Task Workers#
Quetz offers 3 types of backends for task workers. Each of them is explained below.
Thread#
Thread workers process tasks in a separate thread. This functionality is in-built into FastAPI using BackgroundTasks.
Subprocess#
Subprocess workers start in a separate process and are implemented through ProcessPoolExecutor
of the
concurrent.futures
module. Once again, this is shipped as a part of Quetz.
Redis#
For advanced use-cases, Quetz also offers the ability to use redis-queue to manage jobs and run them on multiple processes or even multiple servers.
To use this backend, one needs to setup redis
and redis-queue
.
Setting up redis
#
Make sure that redis
is installed. There are multiple ways to do this. One can compile it from source,
use a package manager for your distribution (such as brew
for MacOS, apt-get
for Debian/Ubuntu) or use a
Docker redis image.
(docker pull redis
if you have docker installed).
Once redis
is installed, it needs to be started. This is as simple as executing the command redis-server
on a
terminal.
(or can be run in a container through docker run -p 6379:6379 redis
)
We also need to install redis-py - the python client for Redis.
Installing redis-queue
#
redis-queue
is a python library that facilitates using Redis for queueing jobs and processing them in the background with
workers. The installation can be done by following the appropriate instructions.
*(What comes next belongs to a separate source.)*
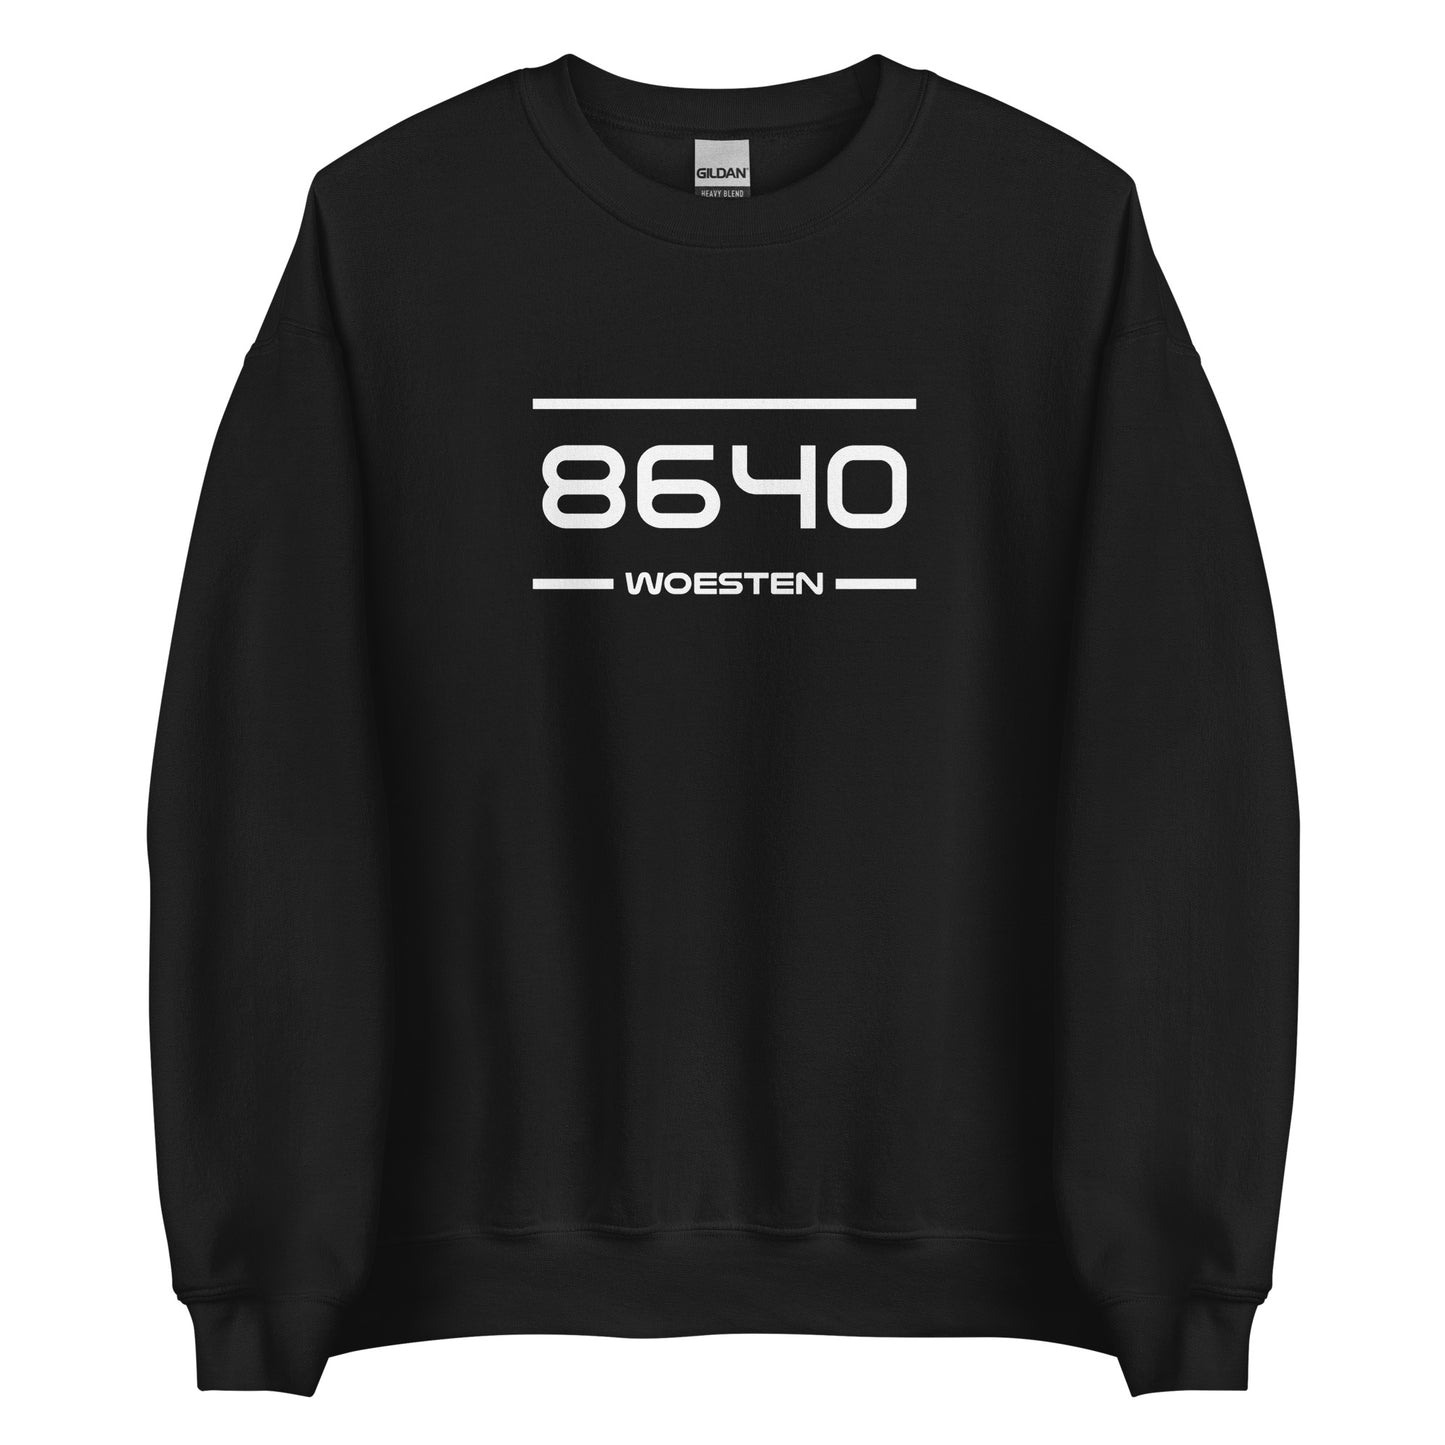 Sweater - 8640 - Woesten (M/V)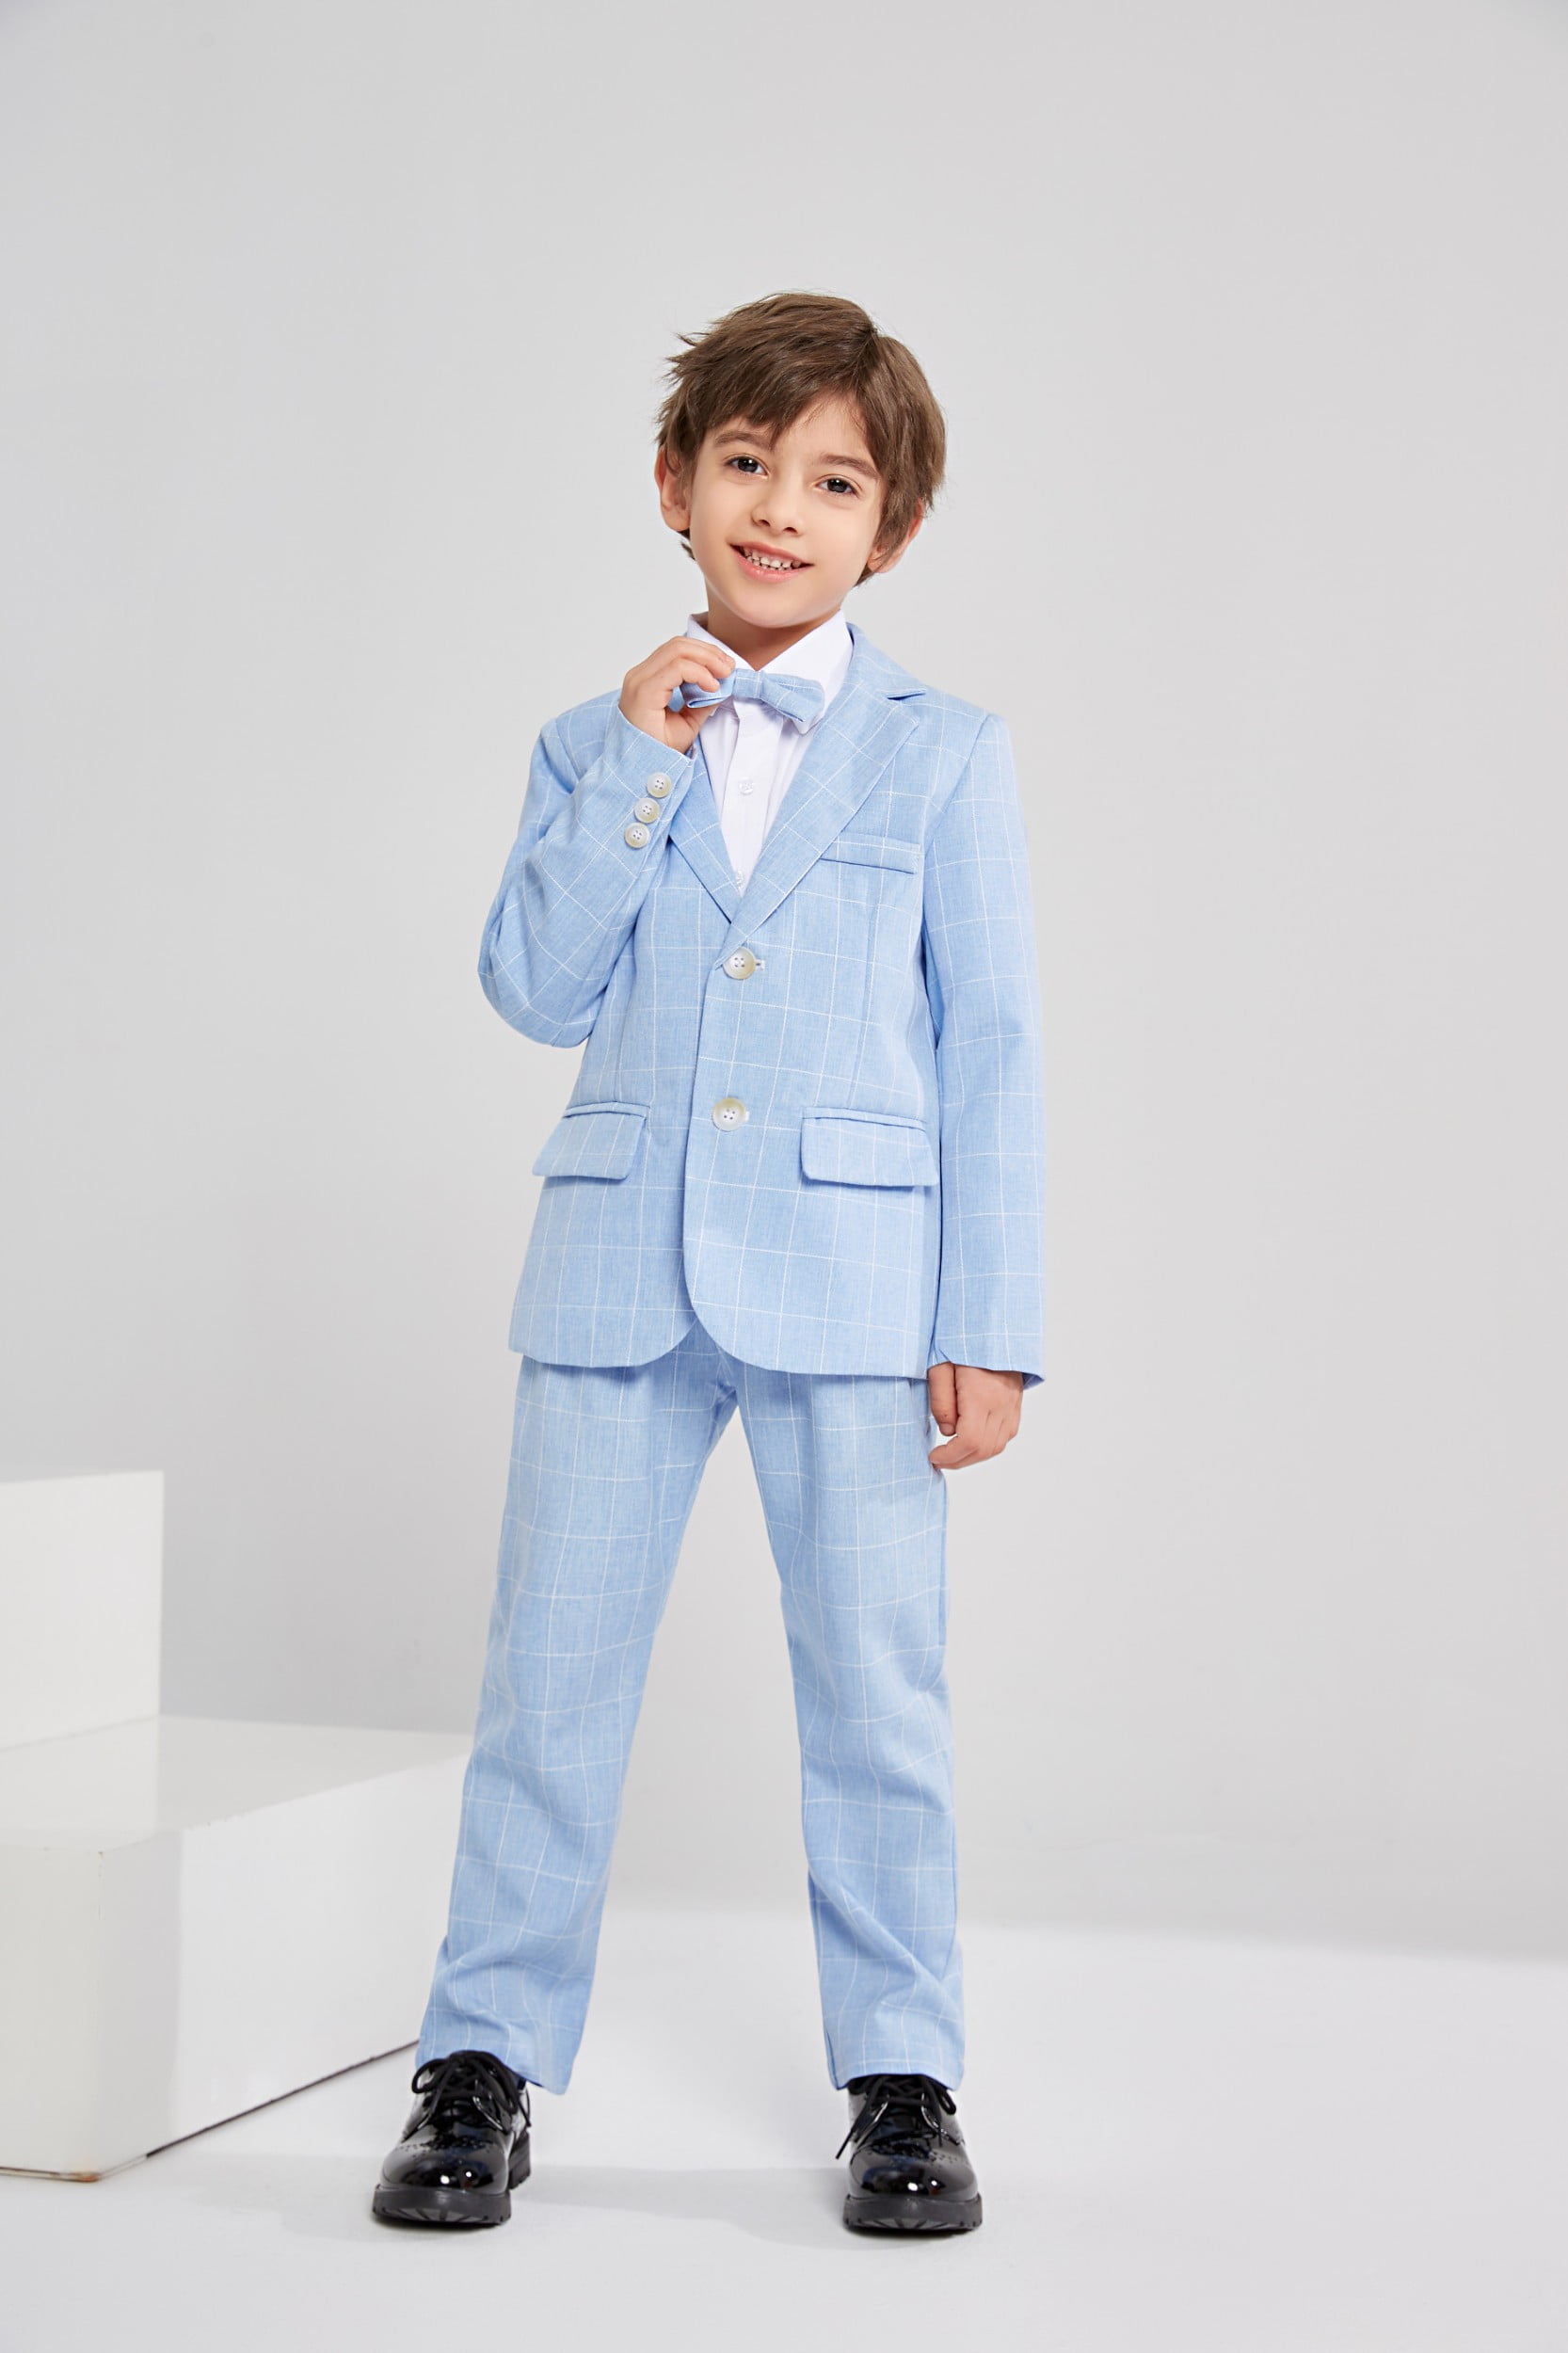 LOLANTA Boys Suit Wedding Ring Bearer Outfit Kids Suit Set, Plaid ...

Once this has been done, a new worker needs to be spawned (which will continuously listen for jobs to execute). This can be done by
running rq worker
in a separate terminal.
Edit config.toml
#
Make sure to add a [worker]
section with the type
parameter set to redis
. This tells Quetz to use this backend.
Note
The IP address of the machine running the redis-server
, along with the port and the DB Index should be
present in the config.toml
file. The default values (corresponding to running the server locally) will be picked up
if they are not explicitly supplied.
See worker section for more details.